NovaLAD: A Fast, CPU-Optimized Document Extraction Pipeline for Generative AI and Data Intelligence
Aman Ulla's new system beats commercial parsers on DP-Bench while running entirely on CPU hardware.
Researcher Aman Ulla has published a paper introducing NovaLAD, a comprehensive document parsing system designed to transform unstructured documents like PDFs and scans into structured, layout-aware representations for generative AI and data intelligence workflows. The system addresses a critical bottleneck in retrieval-augmented generation (RAG) and knowledge base construction by providing a fast, CPU-optimized pipeline that integrates two concurrent YOLO object detection models—one for semantic elements and another for structural layout—alongside rule-based grouping and optional vision-language enhancement. A key innovation is its cost-saving approach to image analysis, where a Vision Transformer (ViT) classifier first filters out irrelevant images before only useful ones are sent to a Vision LLM for title generation and summarization.
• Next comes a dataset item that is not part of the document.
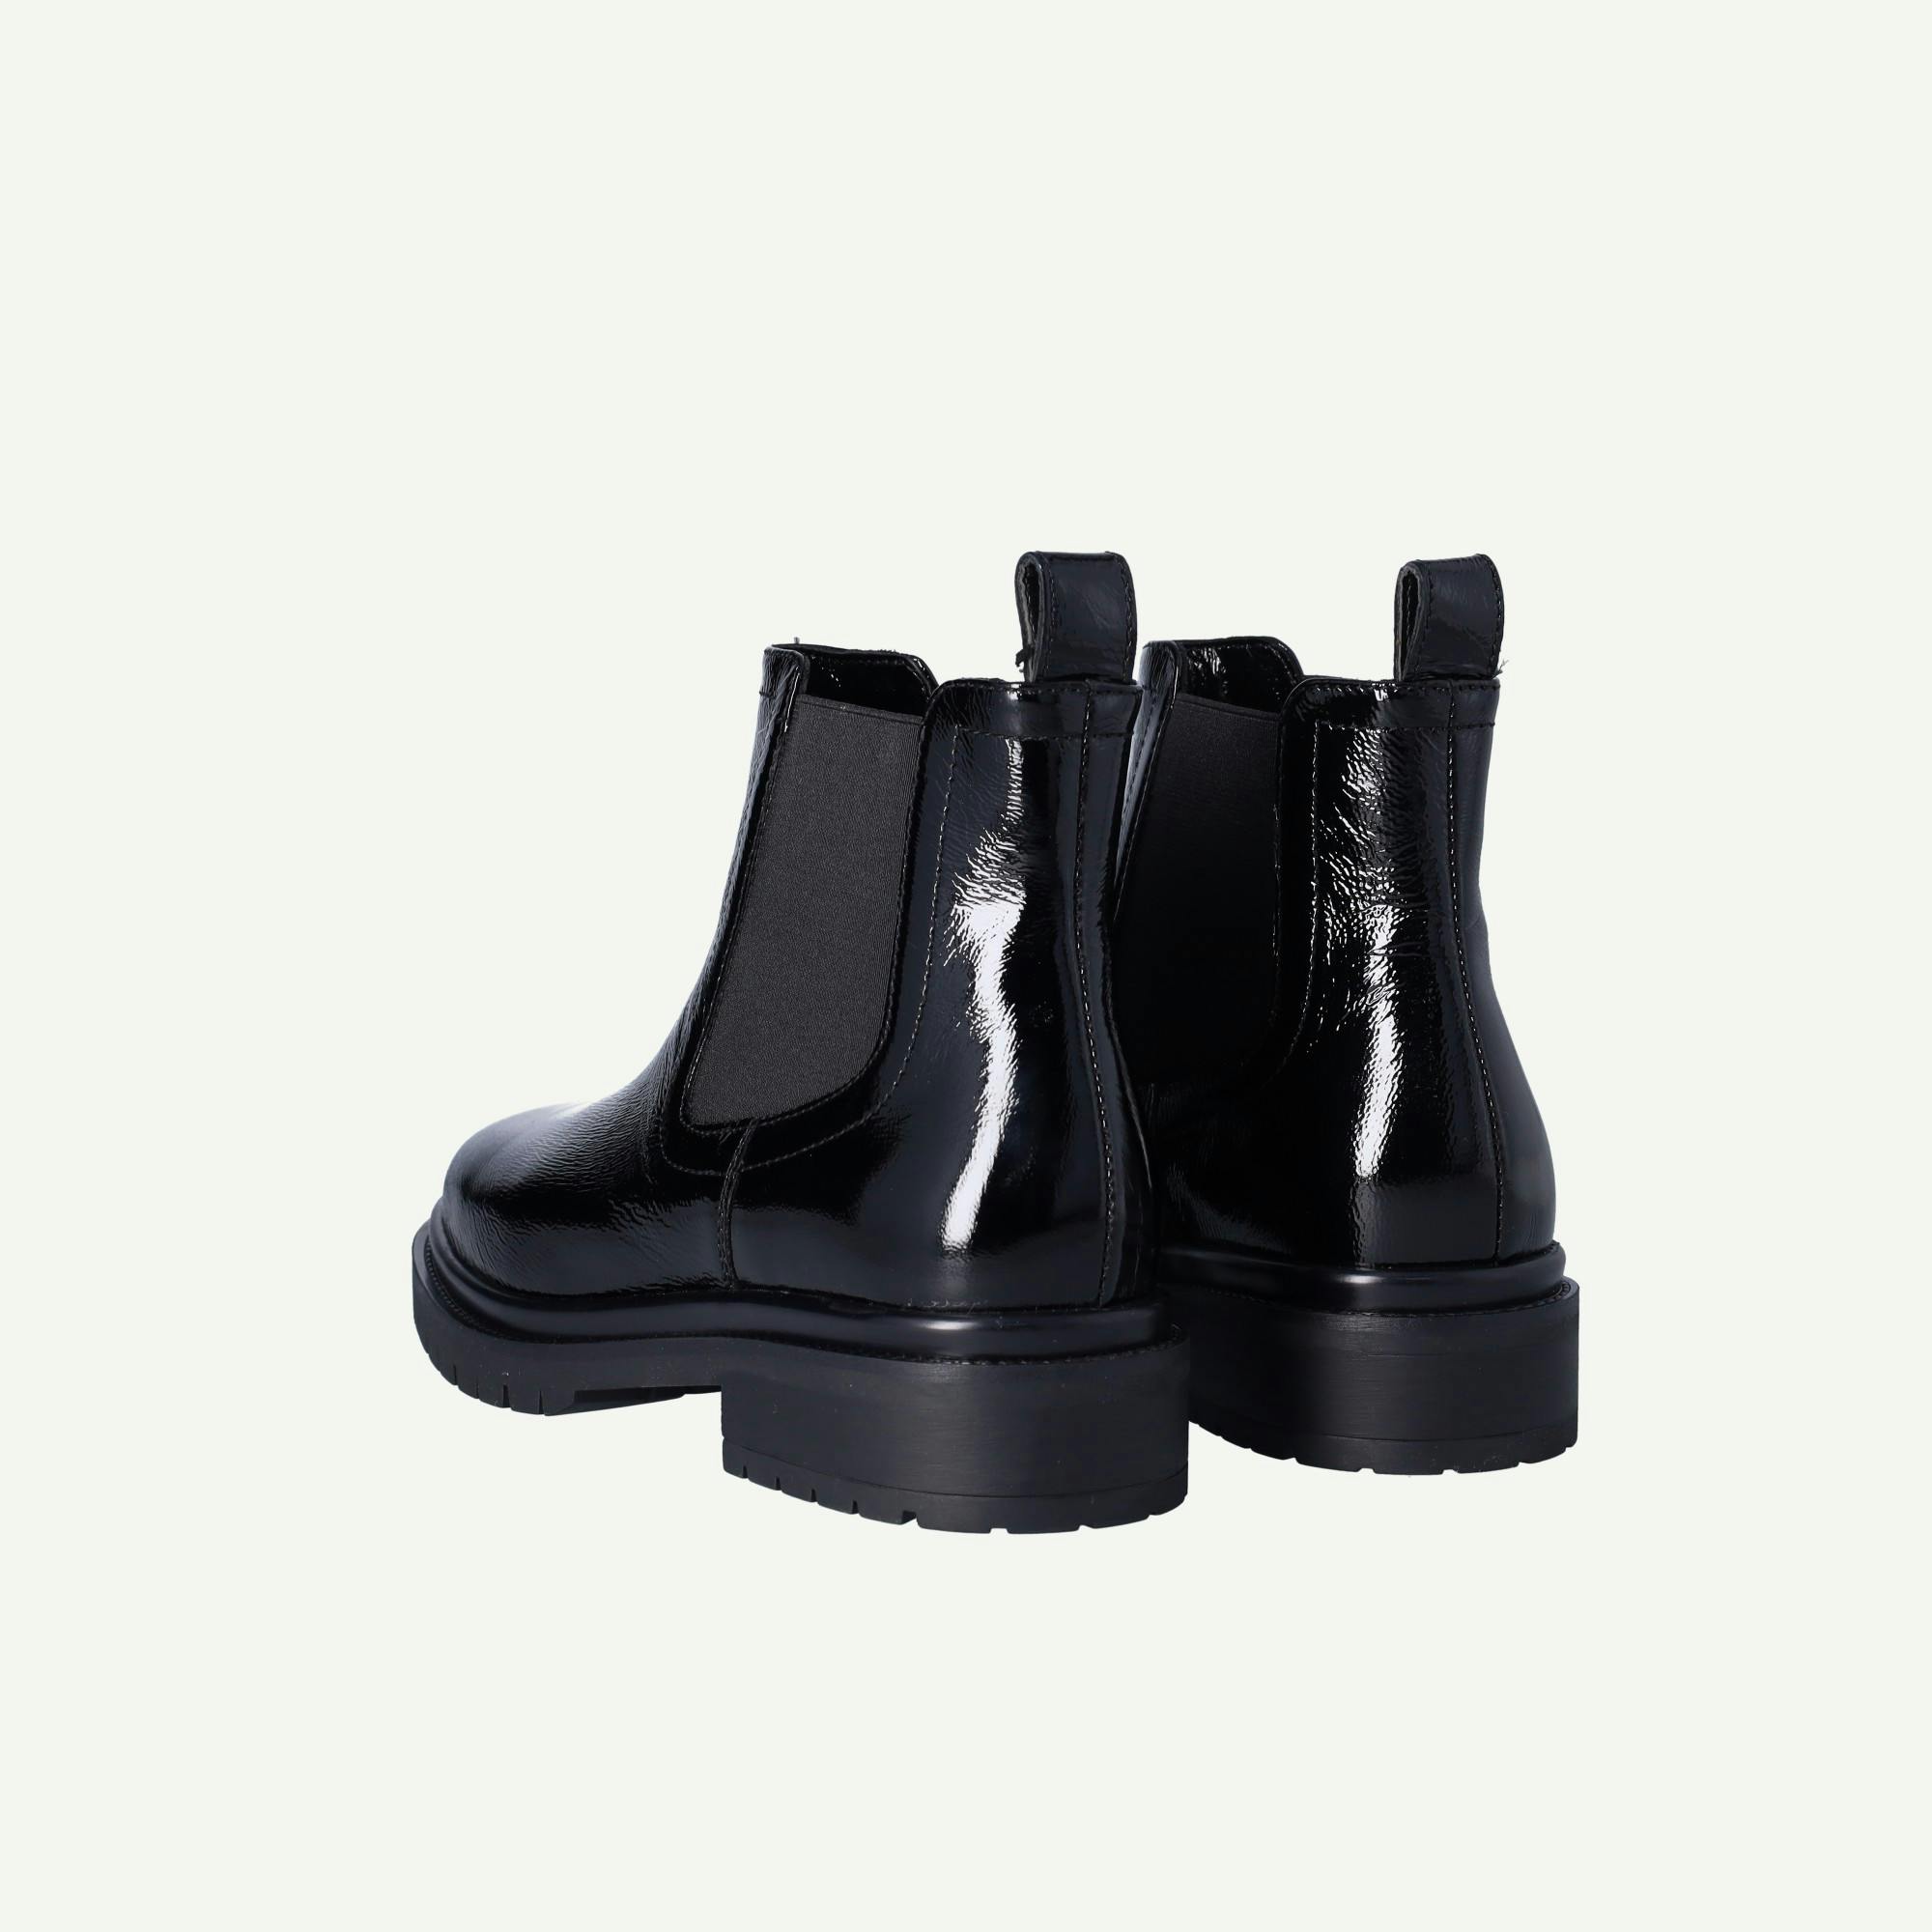 Dune London Perceive Boots image 17
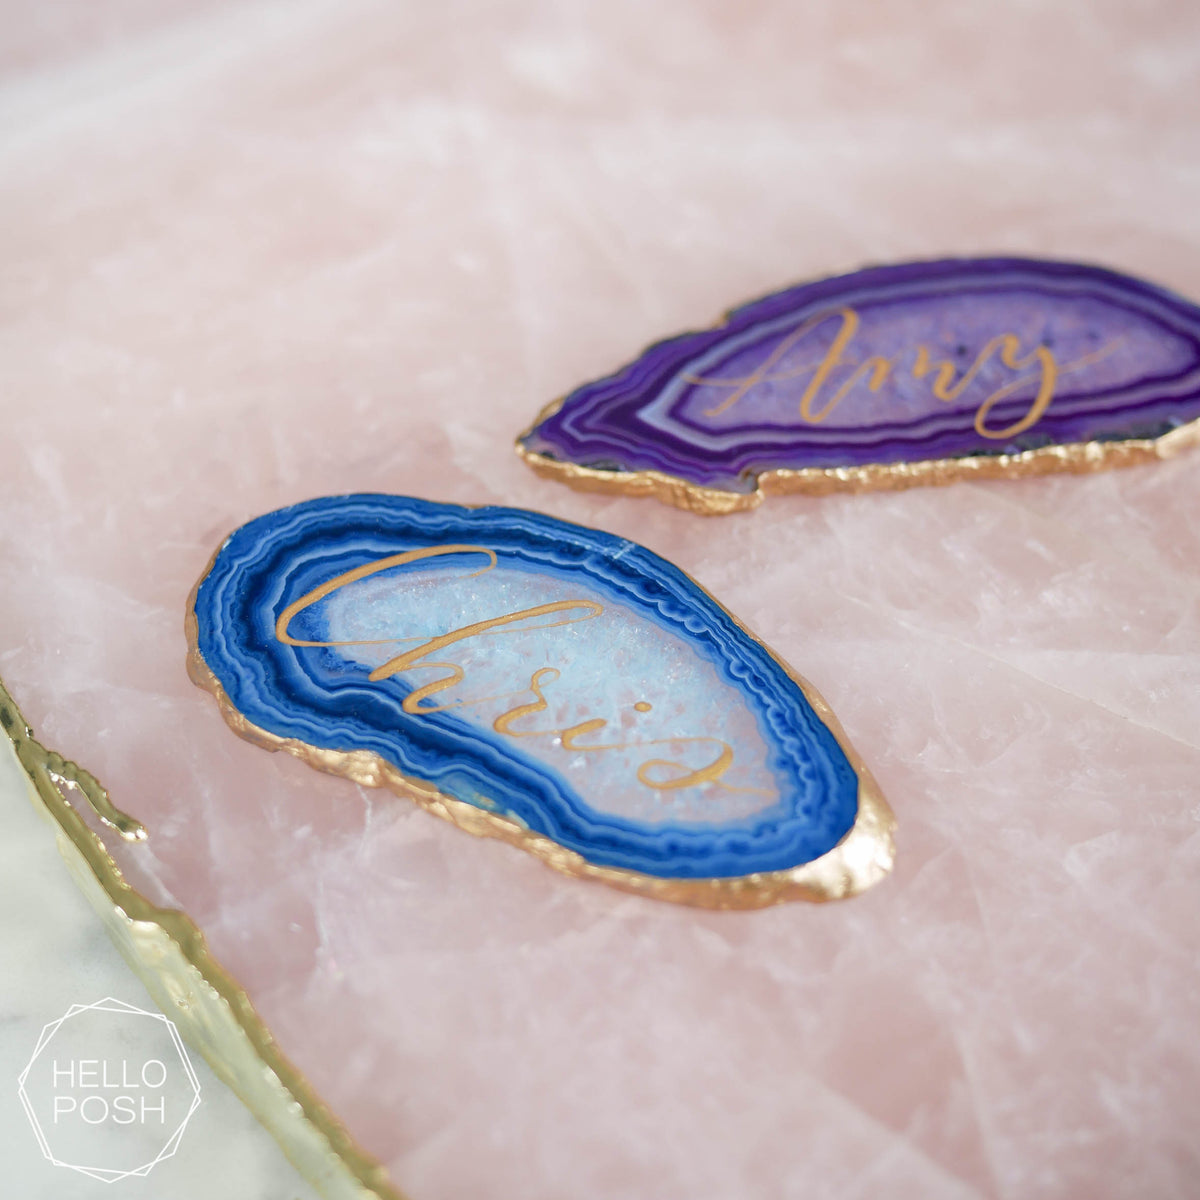 Gold gilded agate place cards

The architecture is built for parallel execution on CPU, handling detection, classification, OCR, and conversion simultaneously to output multiple formats including structured JSON, Markdown, and knowledge graphs. On the DP-Bench benchmark (upstage/dp-bench), NovaLAD achieved a 96.49% TEDS (Table Extraction Dataset Score) and 98.51% NID (Normalized Information Distance), outperforming both commercial and open-source parsers. This performance, combined with its GPU-free design, makes it a highly accessible and efficient tool for enterprises looking to preprocess large document volumes for downstream AI applications without significant hardware investment. The paper details the full data flow and architecture, positioning NovaLAD as a practical solution for scalable document intelligence.
- Uses dual YOLO models for concurrent element & layout detection, achieving 96.49% TEDS on DP-Bench
- CPU-optimized pipeline eliminates GPU dependency, enabling parallel execution of detection, OCR, and conversion
- Integrates ViT classifier to filter images, reducing Vision LLM costs by only processing relevant visual content
Why It Matters
Enables efficient, large-scale document preprocessing for RAG and knowledge bases without expensive GPU hardware, lowering AI implementation costs.